Now, I hope that happens!


----------



## sccoaire (Feb 11, 2005)

same here... can't wait to see Friday if it ships or not.


----------



## Ottawaman (Jan 16, 2005)

Lars said:


> Well... I ordered mine on Feb. 4 (BTO-BT/AP), and after becoming aggravated, I finally called Apple.. the nice representative told me "On or before March 11."
> 
> Now, I hope that happens!


I was told it looks like march 11 for a shipping date.
We'll see...


----------



## monokitty (Jan 26, 2002)

So did your guys' mini's ship out today?


----------



## Macaholic (Jan 7, 2003)

No word from Digital Gary yet, but it's still early here...


----------



## sccoaire (Feb 11, 2005)

*Shipping on time? NOT!*

The j**ks! Not only did it NOT ship today, they changed the ship on/before date to March 16th!!!


----------



## monokitty (Jan 26, 2002)

sccoaire said:


> The j**ks! Not only did it NOT ship today, they changed the ship on/before date to March 16th!!!


I got the same deal.. on or before March 16th. Wow, I'm mad. By the time this thing shows up, it'll be 8 weeks since I first ordered it. So: keeping fingers crossed for next Wednesday...


----------



## Macaholic (Jan 7, 2003)

And then, it'll be held off AGAIN because they're speed-bumping them. So, you'll get a better one -- but only LATER STILL!!


----------



## da_jonesy (Jun 26, 2003)

Macaholic said:


> And then, it'll be held off AGAIN because they're speed-bumping them. So, you'll get a better one -- but only LATER STILL!!

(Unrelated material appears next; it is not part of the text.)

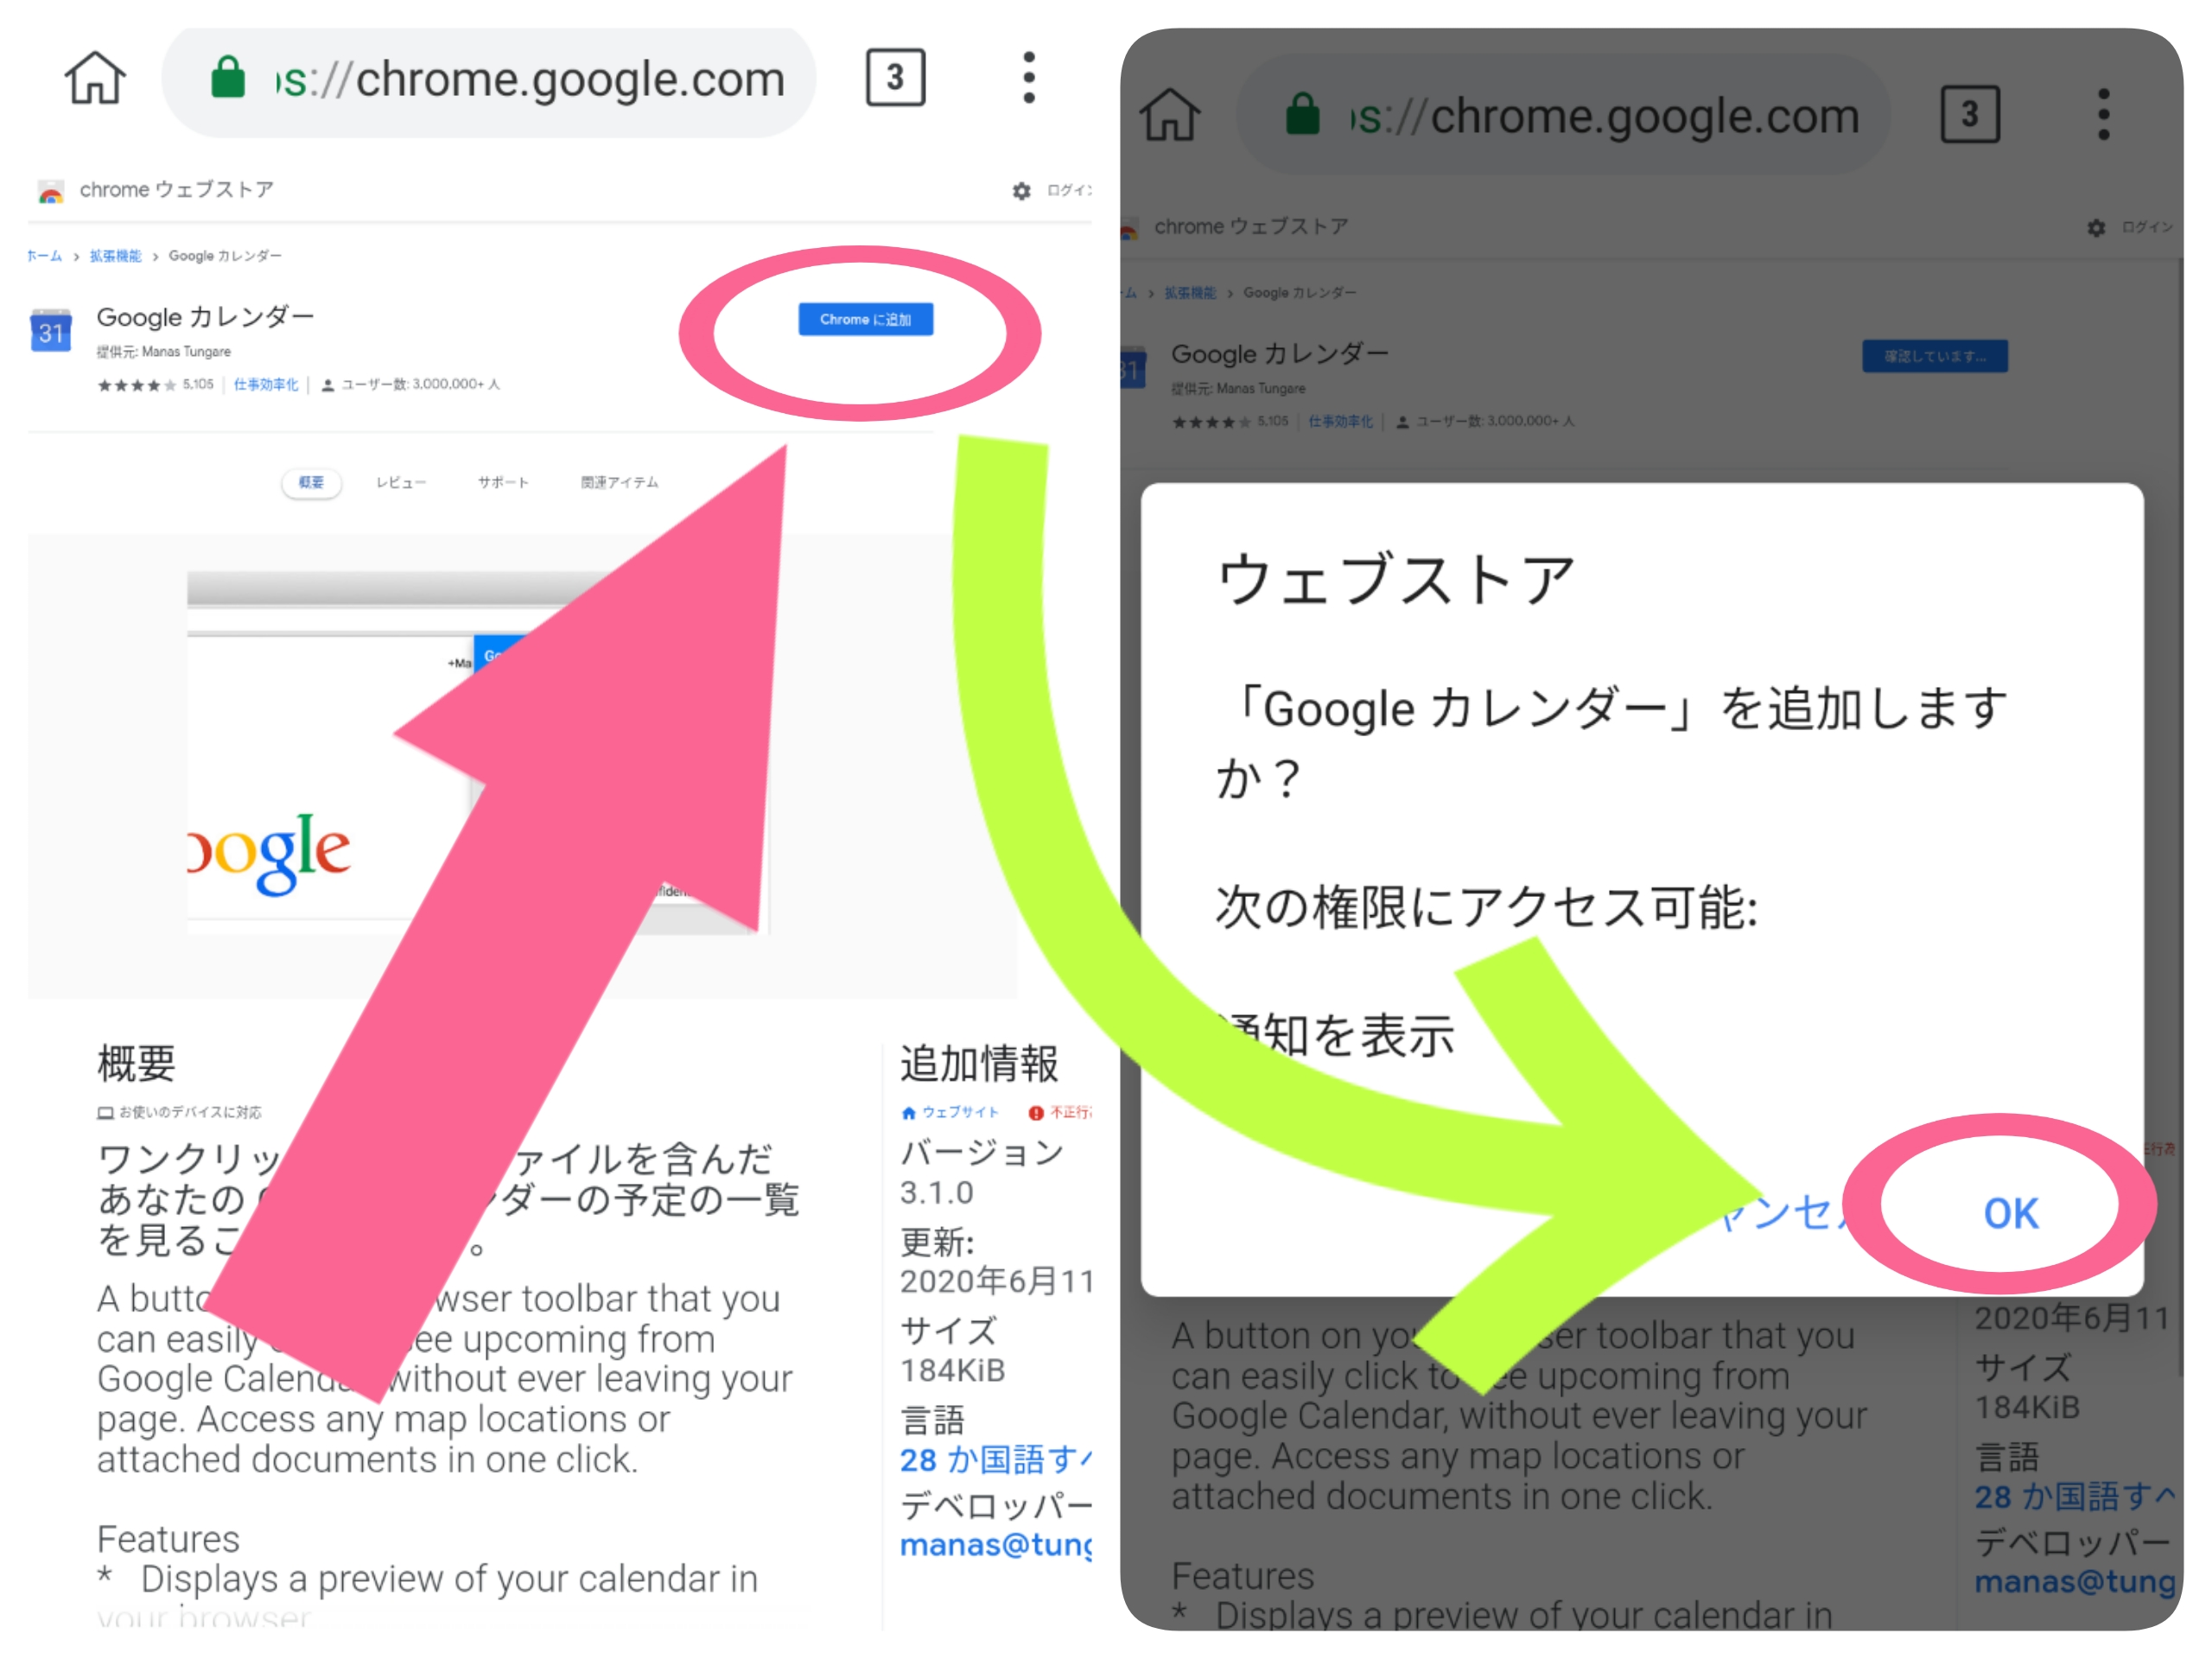 Kiwi Browser Chrome ウェブストア 拡張機能 Chromeに追加 タップ 確認画面 OK 追加 完了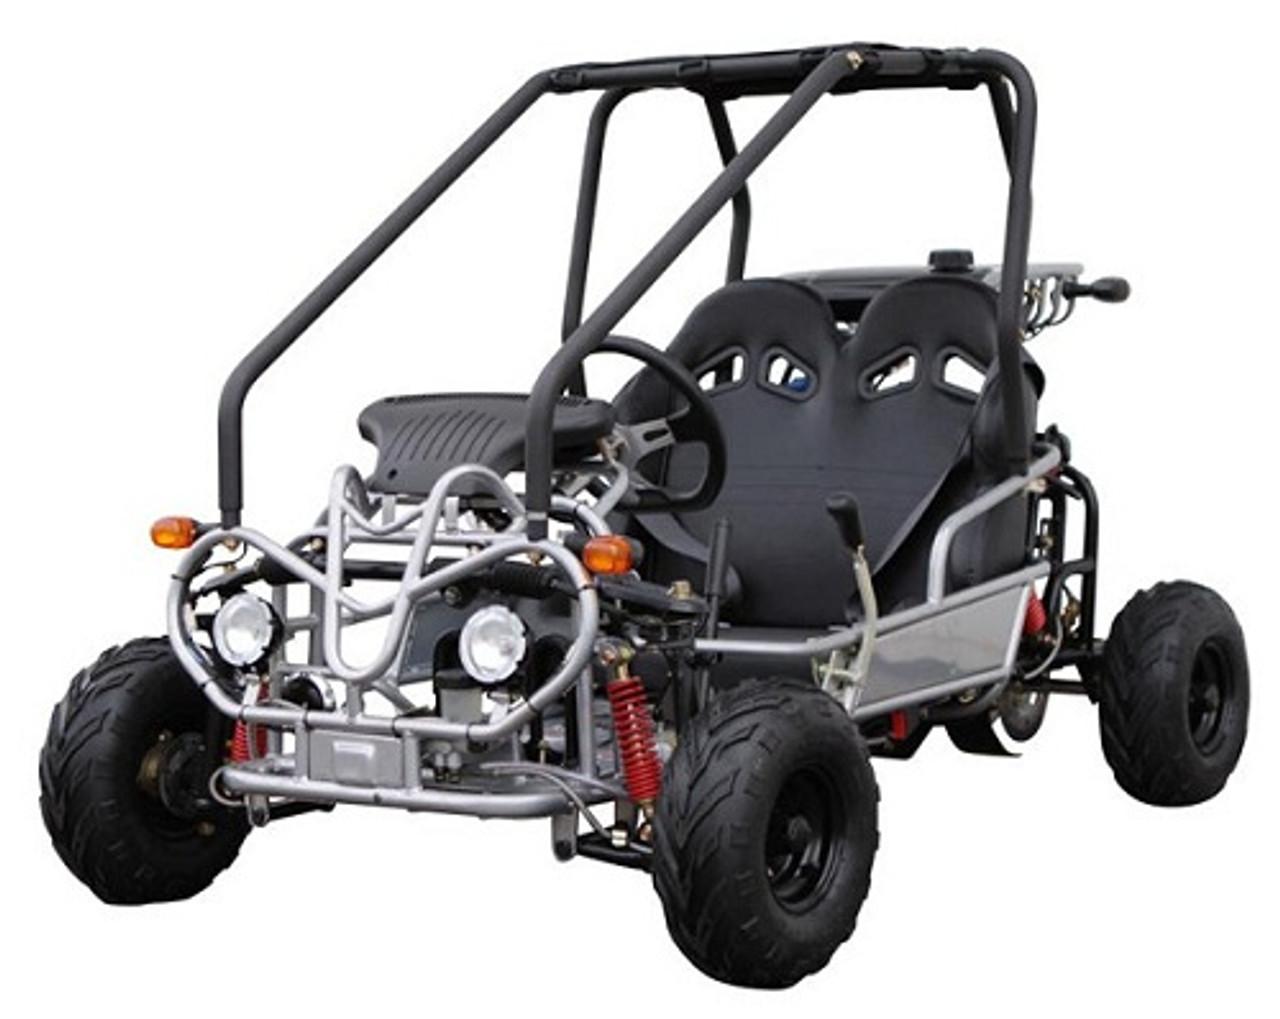 Vitacci RAPTOR-mini KD-110cc GKG-2 Go Kart, Single Cylinder / 4 STROKE/ Automatic (Optional Reverse)

I can not imagine that given that this product was just released. Also this product is meant to be low end... why would apple want to boost the speed on them this early on in the release cycle? As it is they are hard pressed to keep up with demand.


----------



## Macaholic (Jan 7, 2003)

I was being sarcastic 

I seriously would not expect a speedbump until June -- if then.


----------



## jonmon (Feb 15, 2002)

finally ordered mine today
so i'll let you know my findings in 3-4 weeks


----------



## monokitty (Jan 26, 2002)

jonmon said:


> finally ordered mine today
> so i'll let you know my findings in 3-4 weeks


What's your estimated ship date?


----------



## Ticon (Mar 11, 2005)

*Just wondering*

I have an Imac dv and am thinking about getting a Mac mini. Can i use the imac as my monitor using the port on the underside?


----------



## Kosh (May 27, 2002)

No, the iMac DV does not have a video in port. Likely you're looking at a video out port on the iMac DV for a second monitor.


----------



## monokitty (Jan 26, 2002)

Kosh said:


> No, the iMac DV does not have a video in port. Likely you're looking at a video out port on the iMac DV for a second monitor.


The iMac DV has a VGA port on the backside, which works as a mirroring feature and not a thing else. Not dual monitors; and no, you can't use the iMacs' monitor from a different computer.


----------



## Macaholic (Jan 7, 2003)

But you could sell the iMac *DV* and use the funds to get yourself a decent flat panel display.


----------



## jonmon (Feb 15, 2002)

Lars said:


> What's your estimated ship date?


i don't think it's in the system yet
it couldn't find anything after i put in my web order #


----------



## monokitty (Jan 26, 2002)

Macaholic said:


> But you could sell the iMac *DV* and use the funds to get yourself a decent flat panel display.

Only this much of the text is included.